**Dataset section:**
◇ ◇ ◇ ◇ ◇ ◇ ◇
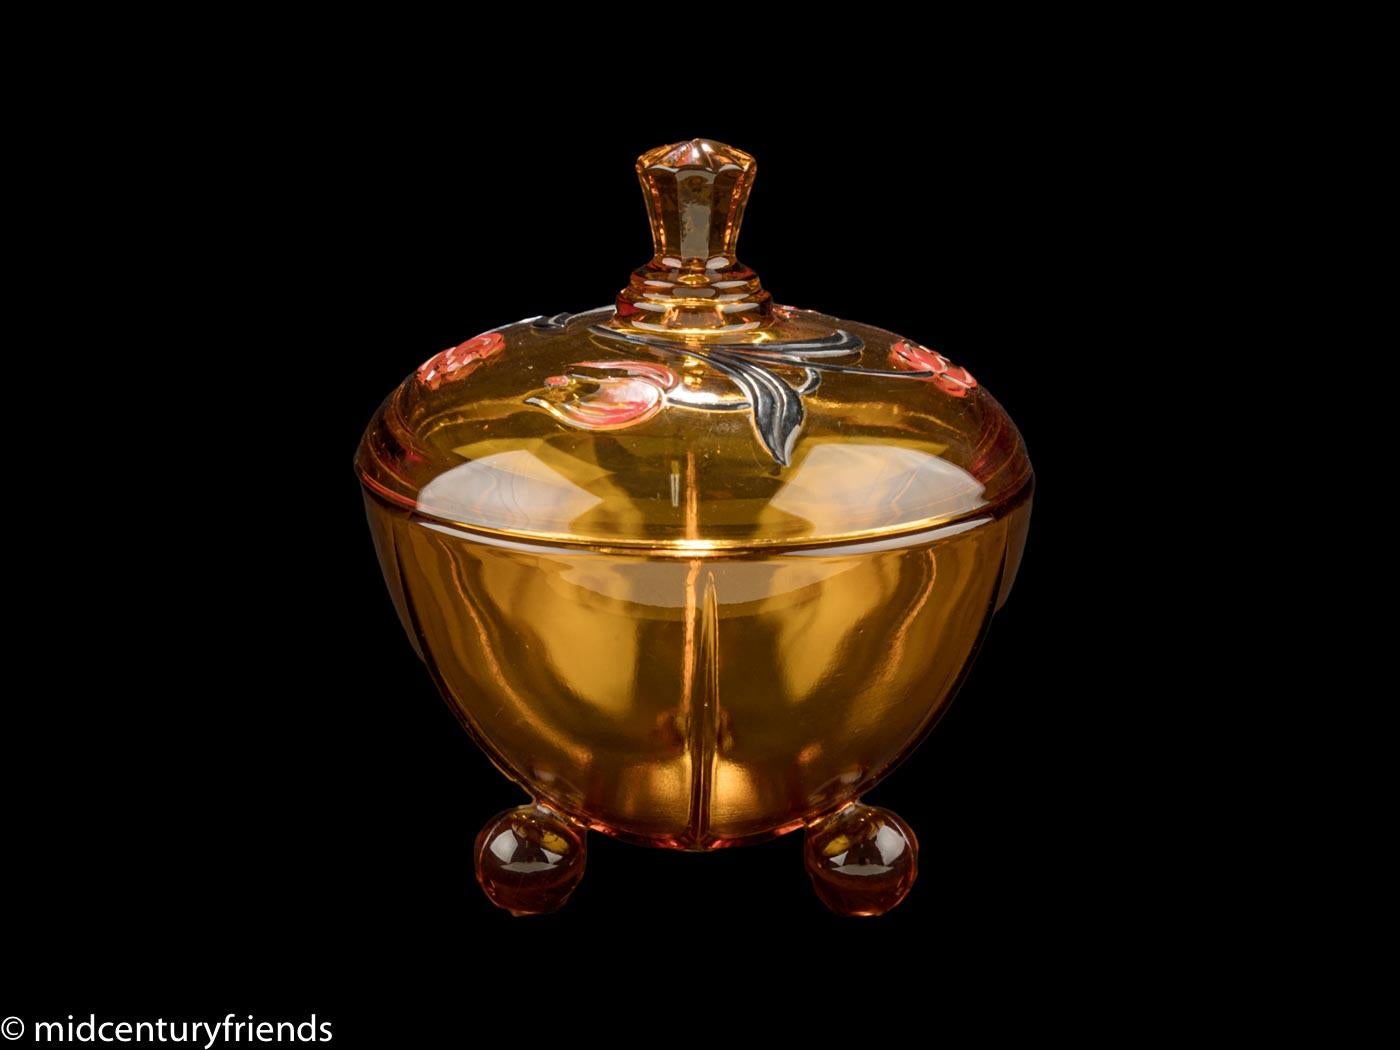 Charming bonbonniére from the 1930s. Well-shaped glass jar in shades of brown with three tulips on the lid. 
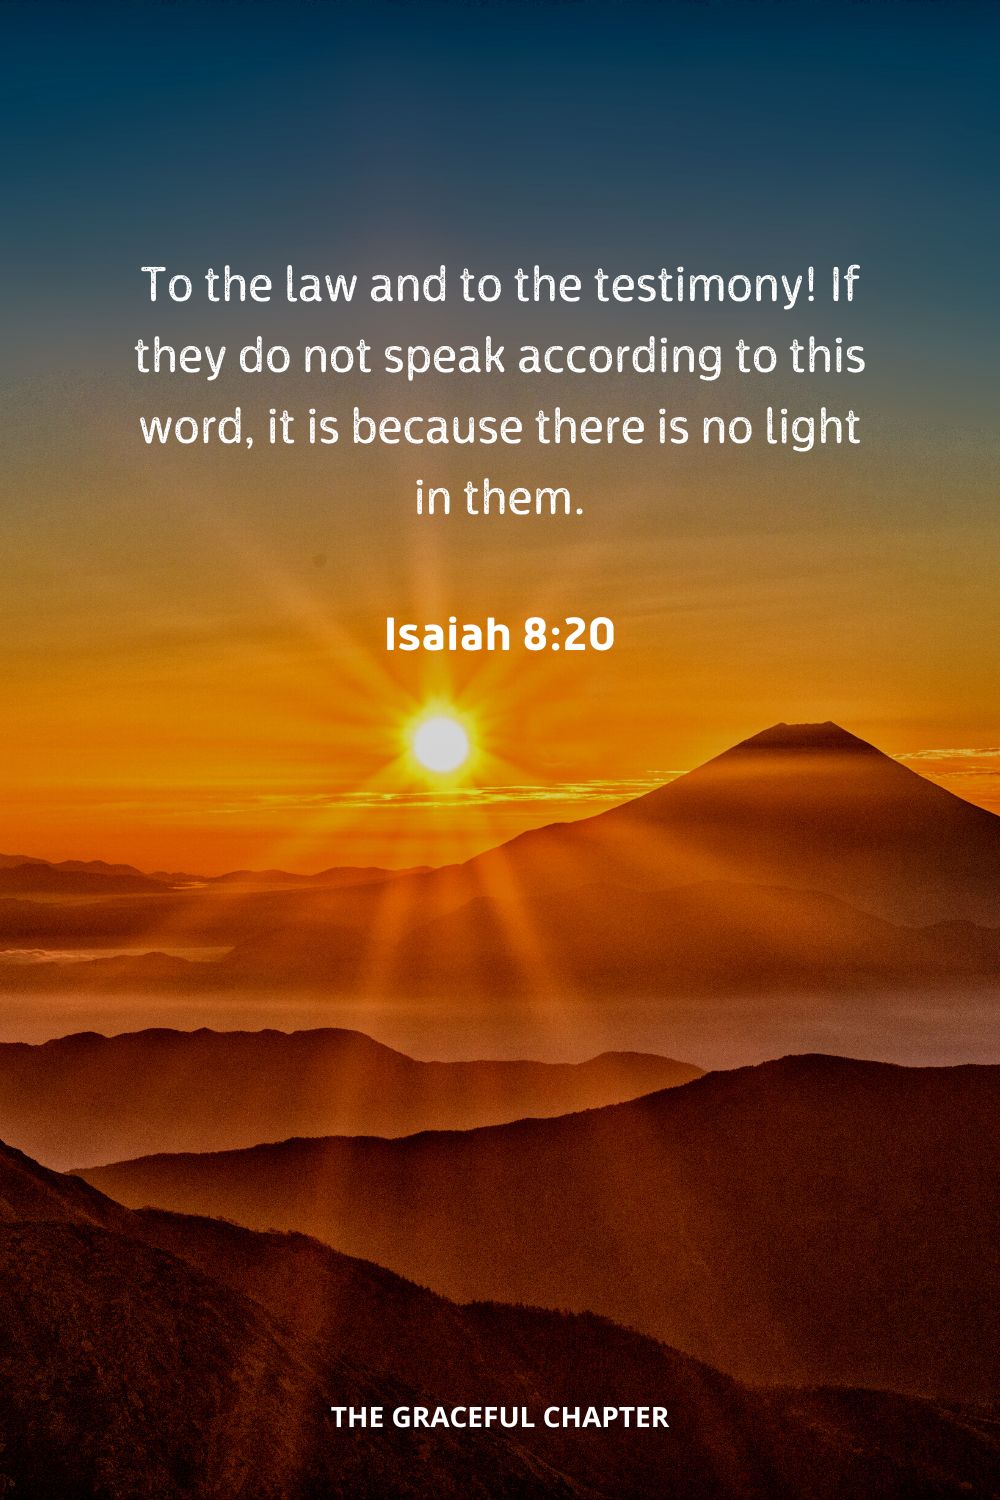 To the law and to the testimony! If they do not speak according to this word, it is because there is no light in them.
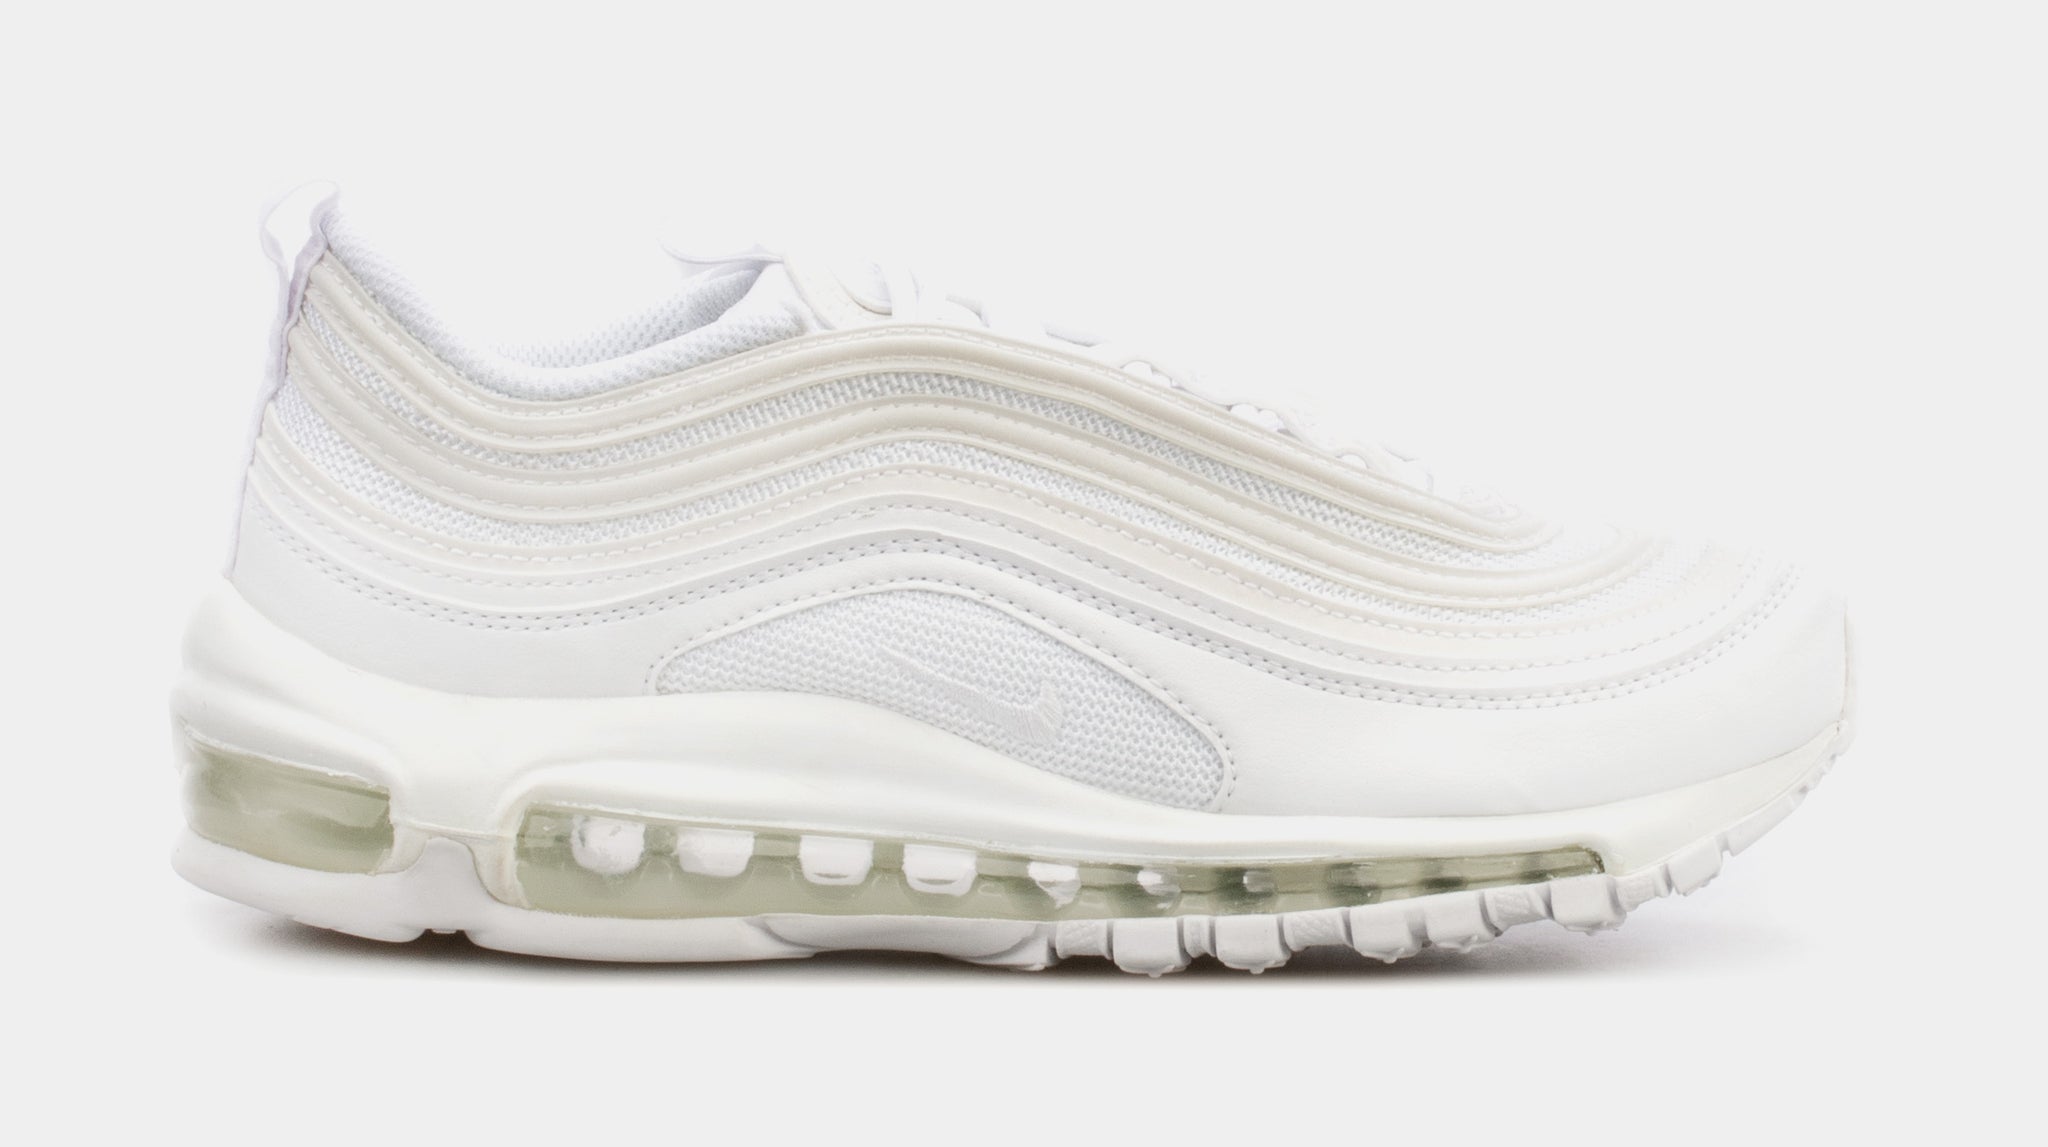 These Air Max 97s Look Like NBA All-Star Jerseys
◇ ◇ ◇ ◇ ◇ ◇ ◇
**Problem description:** Would you repeat the material exactly, keeping out any pictures?

**Task solution:**
 Charming bonbonniére from the 1930s. Well-shaped glass jar in shades of brown with three tulips on the lid. 
 To the law and to the testimony! If they do not speak according to this word, it is because there is no light in them.
 These Air Max 97s Look Like NBA All-Star Jerseys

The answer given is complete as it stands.